3. COMPETING BUSINESS

As at the Latest Practicable Date, none of the directors or proposed directors of the Company and its subsidiaries and their respective associates had any interests in a business, other than the Group’s business, which competes or is likely to compete with the business of the Group.

4. SERVICE CONTRACTS

As at the Latest Practicable Date, none of the directors or proposed directors of the Company and its subsidiaries had entered, or was proposing to enter, into any service contract with the Company or its subsidiaries which is not expiring or may not be terminated by the Company within a year without payment of any compensation (other than statutory compensation).

5. LITIGATION

As at the Latest Practicable Date, neither the Company nor any of its subsidiaries was engaged in any litigation or arbitration of material importance and no litigation or claim of material importance is known to the Directors to be pending or threatened against the Company or any of its subsidiaries.

6. GENERAL

  • (a) The secretary of the Company is Ms.

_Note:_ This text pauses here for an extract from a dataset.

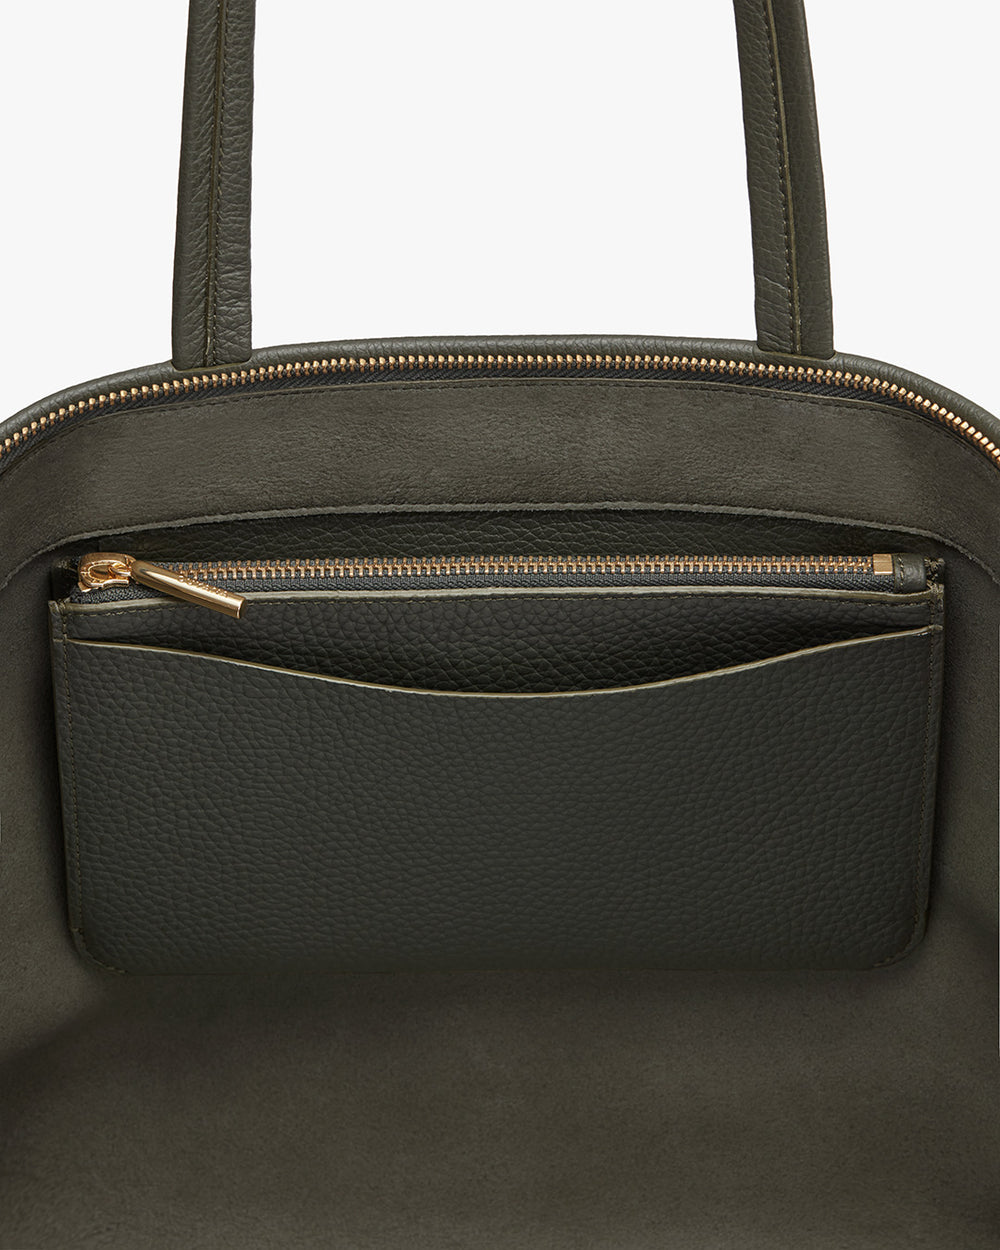 Handbag with two zippers

Chan Lap Sau, Anita, ACIS .

  • (b) The qualified accountant of the Company is Mr. Lai Yat Hung, Edmund, who is a qualified accountant with the Institute of Chartered Accountants in England and Wales.

  • (c) The share registrar and transfer office of the Company in the Cayman Islands is HSBC Financial Services (Cayman) Limited, HSBC House, Mary Street, P.O. Box 1109 GT, Grand Cayman, Cayman Islands, British West Indies. The branch share registrar and transfer office of the Company in Hong Kong is Tengis Limited, Ground Floor, Bank of East Asia Harbour View Centre, 56 Gloucester Road, Wanchai, Hong Kong.

  • (d) The English text of this circular should prevail over the Chinese text in the case of inconsistency.